They were shaped by political and economic configurations of power, by the needs
of religion, and by the patterns of marriage and inheritance laws. These took
many forms, and the author of this very interesting study lists a few: the
perceived need to limit itinerancy and to preserve class boundaries, the
competition for inherited land, the notion of the female body as polluted, and
the idea that sex was a snare for men seeking religious fulfillment.
Originally, such itinerant women were praised as professionals. One early
record speaks approvingly of "her knowledge of all the sexual positions, the
merits of her lute strings and buds of wheat, and her mastery of the dragon's
flutter and tiger's tread techniques." Such public approval was soon withdrawn,
however, when it became politically and economically advantageous to construct
prostitutes and oppress women.
By 1241 there were already "whore" houses. The "Azuma Kagami" mentions one,
right on the main street of Kamakura. Their purpose, in addition to the
apparent one, was to construct a lewd figure against which the authenticity of
a necessary new figure, the "good" woman (faithful, much given to
self-sacrifice, loyal to a fault) could be measured.
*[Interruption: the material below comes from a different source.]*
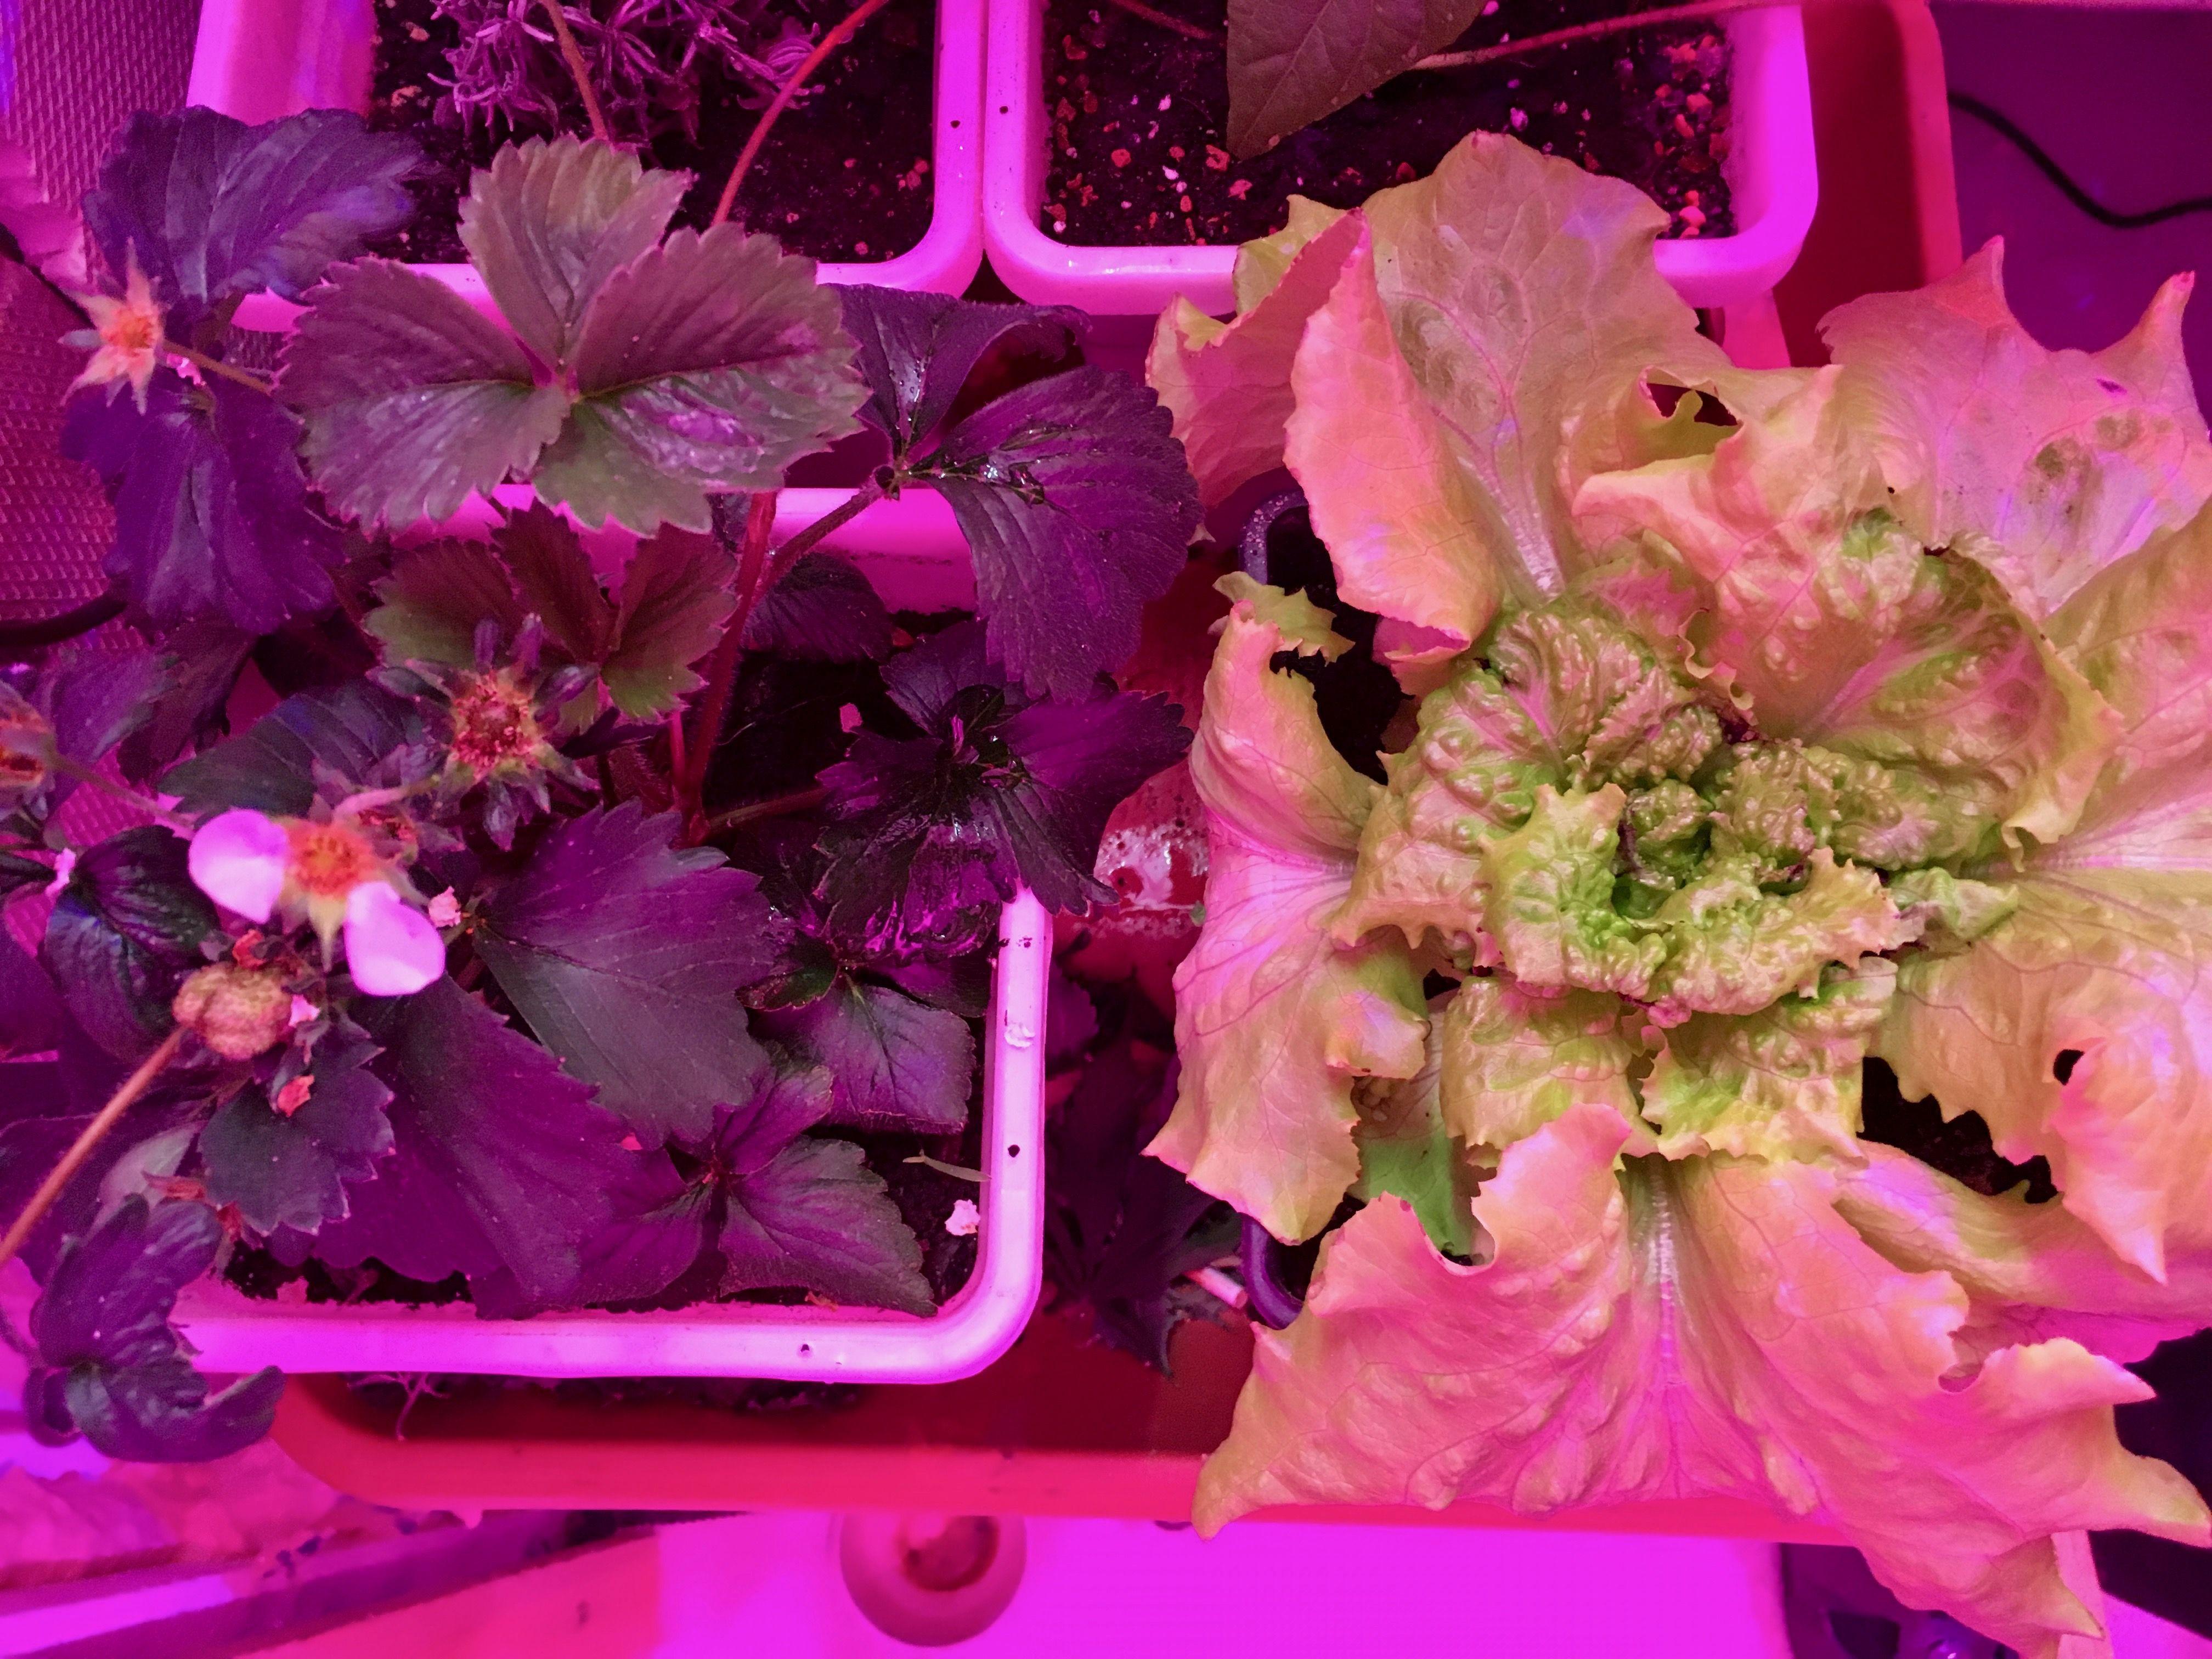 Strawberrys Fruits Erdbeeren Salad Salat Led Pflanzen Lampe Licht Beleuchtung Gartenbau Gemusebau Gartner Pflanzenlampe Pflanzen Led Pflanzenlampe

For example, female chastity was necessary to establish patrilineal succession
in a male-dominated family. Another example, apparent female pollution and an
inherent sinfulness was necessary to bring to Japan the full Buddhist package
waiting to be imported from China and Korea. These changes of attitude, as the
author of this study avers, "foreshadowed later attempts to regulate and limit
the sex trade and contributed to a view of such women as prostitutes and their
occupation as degraded."
Also, an important consideration, sexual entertainment was evolving from a few
aristocratic types at play to a service for broad segments of society, making
it seem a threat to authority and order -- an attitude still reflected in the
laws and customs of Japan today. From here began the taxation of brothels and
the establishment of licensed quarters, the creation of the "prostitute."
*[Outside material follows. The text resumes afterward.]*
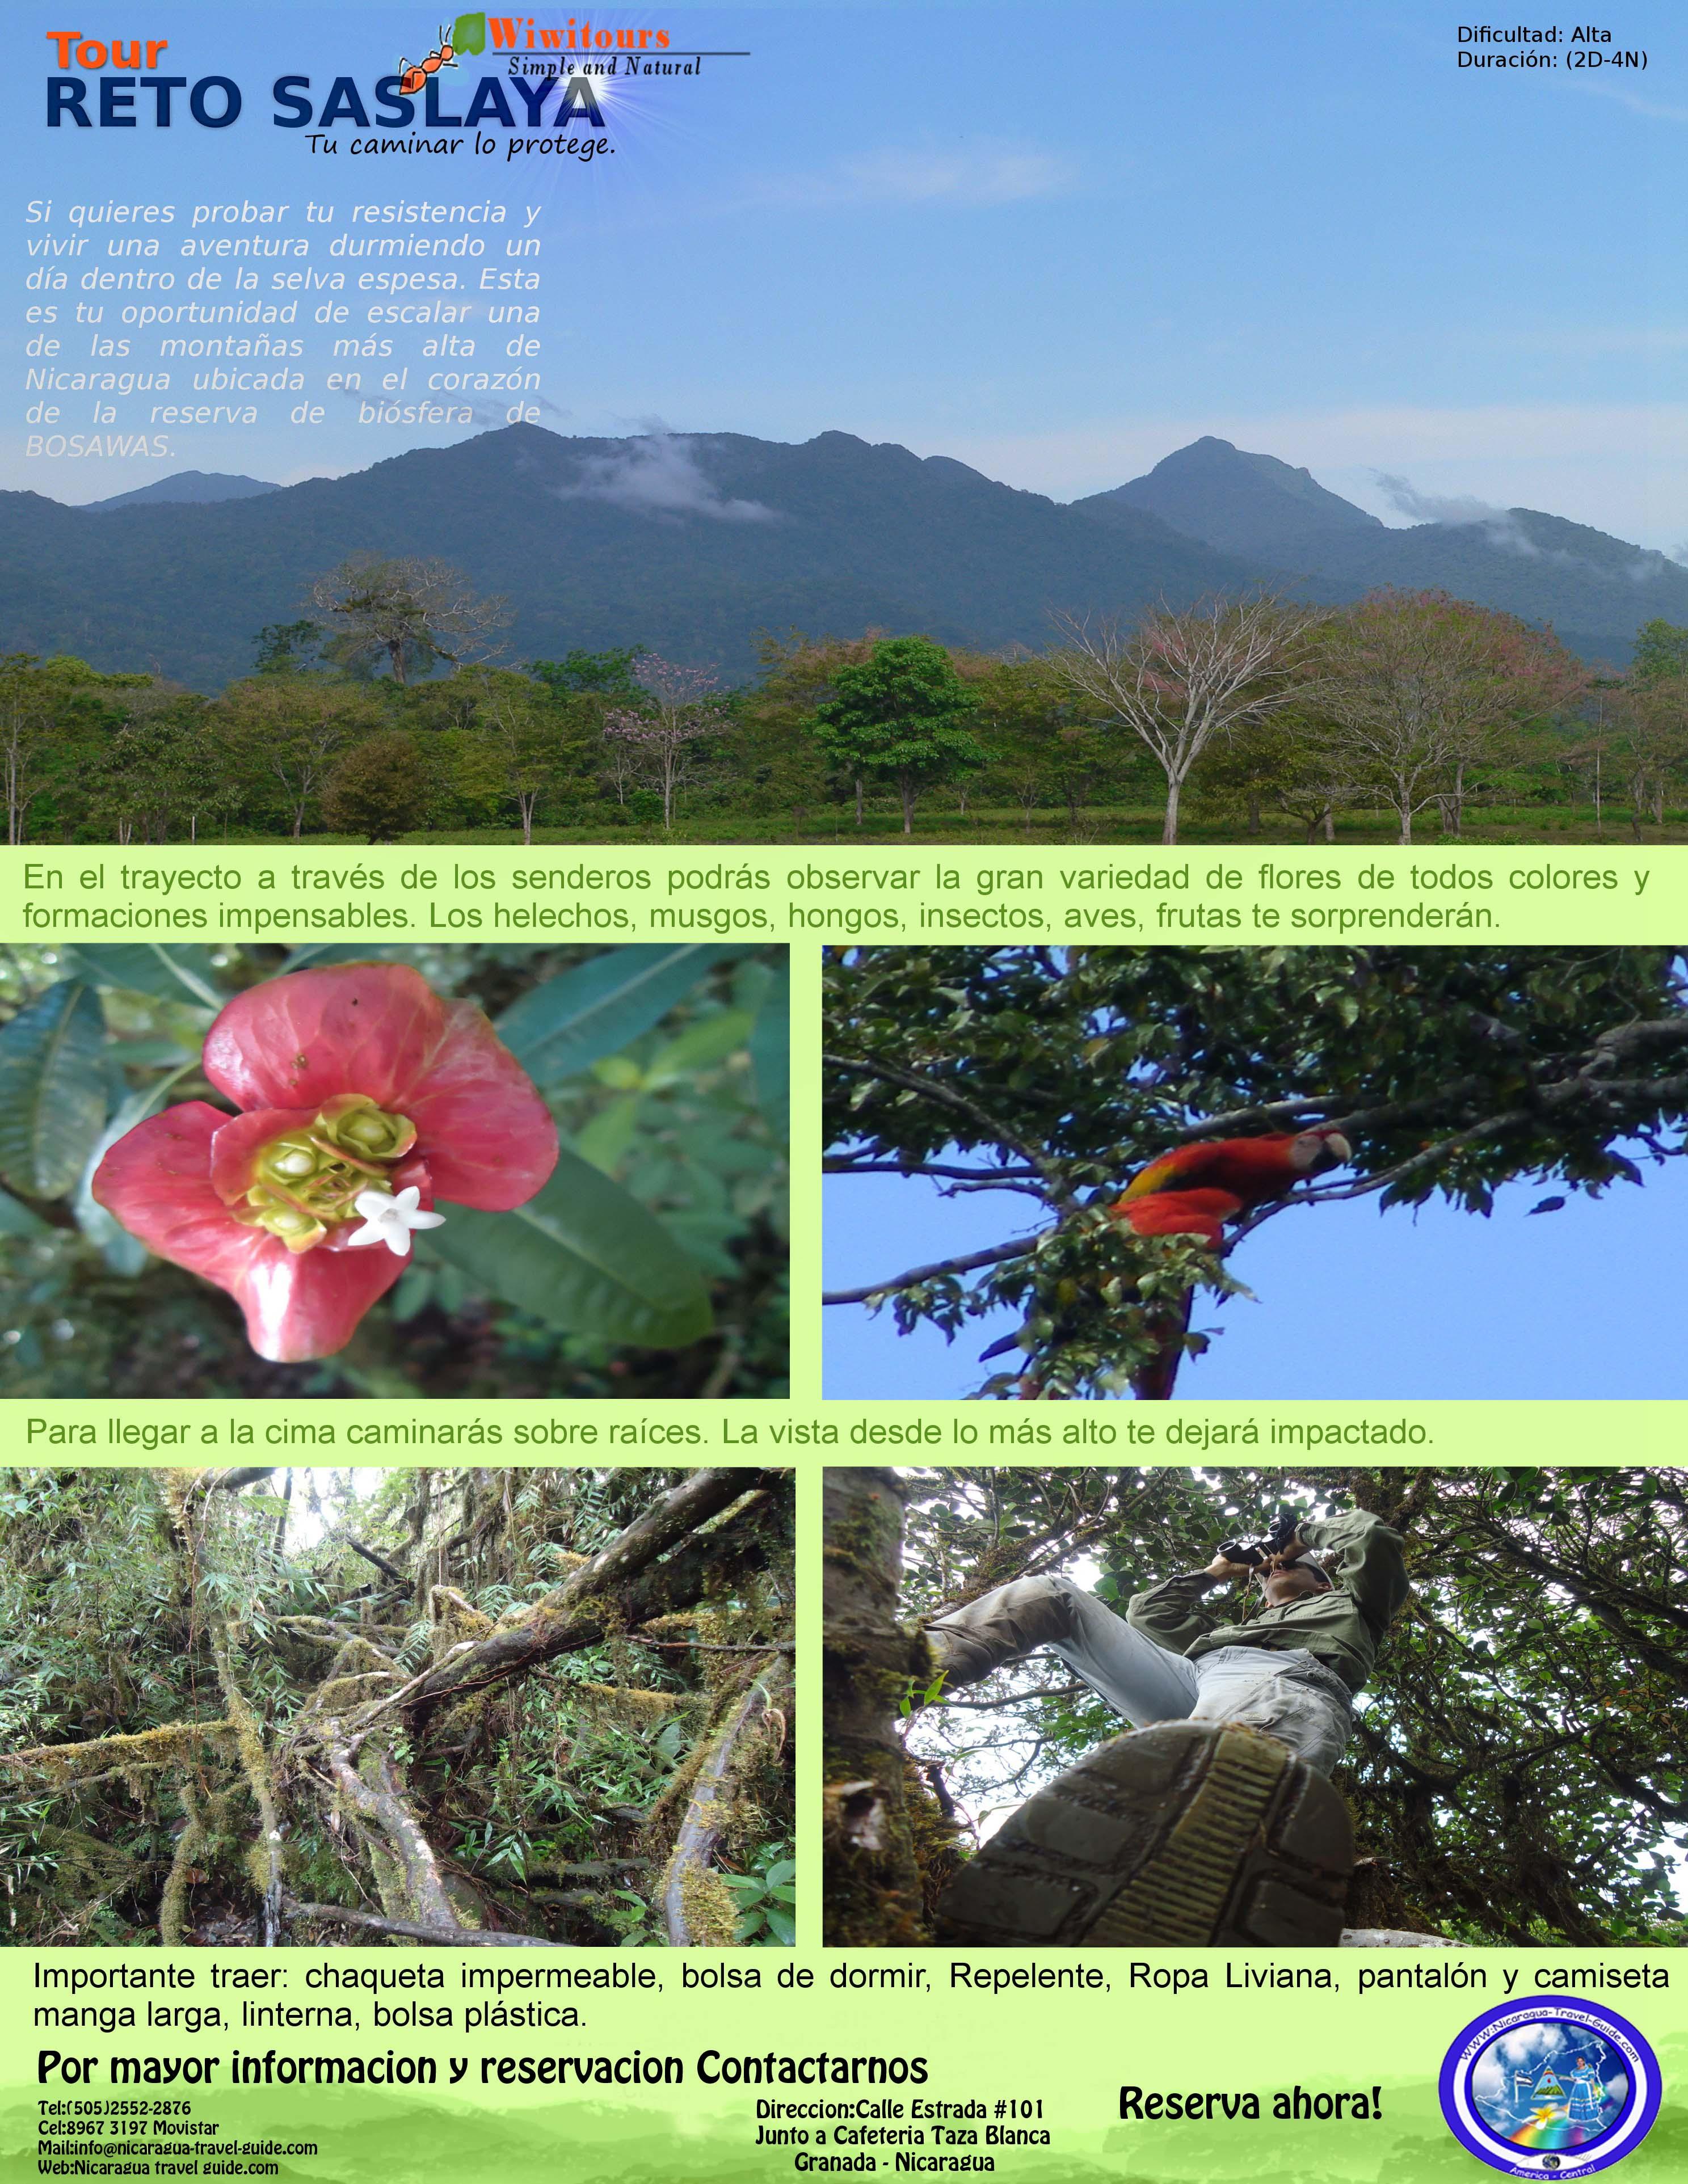 nicaragua travel guide region atlantico norte de nicaragua tour saslaya siuna zona minera

In presenting her argument, part of which earlier appeared in the "Monumenta
Nipponica," author Janet Goodwin offers an erudite account that acknowledges
all prior scholarly work on the subject. At the same time the nonspecialist
reader is spared the boredom of a dry academic paper by the very nature of the
information imported. The book is packed with juicy details, historically
necessary and judiciously picked from sources not usually encountered.
Of major interest, however, is Goodwin's ability to see behind the self-serving screens of political history, to divine the true intentions of this demonization of one of the few professions then open to women, and to present her facts in the fairest possible manner.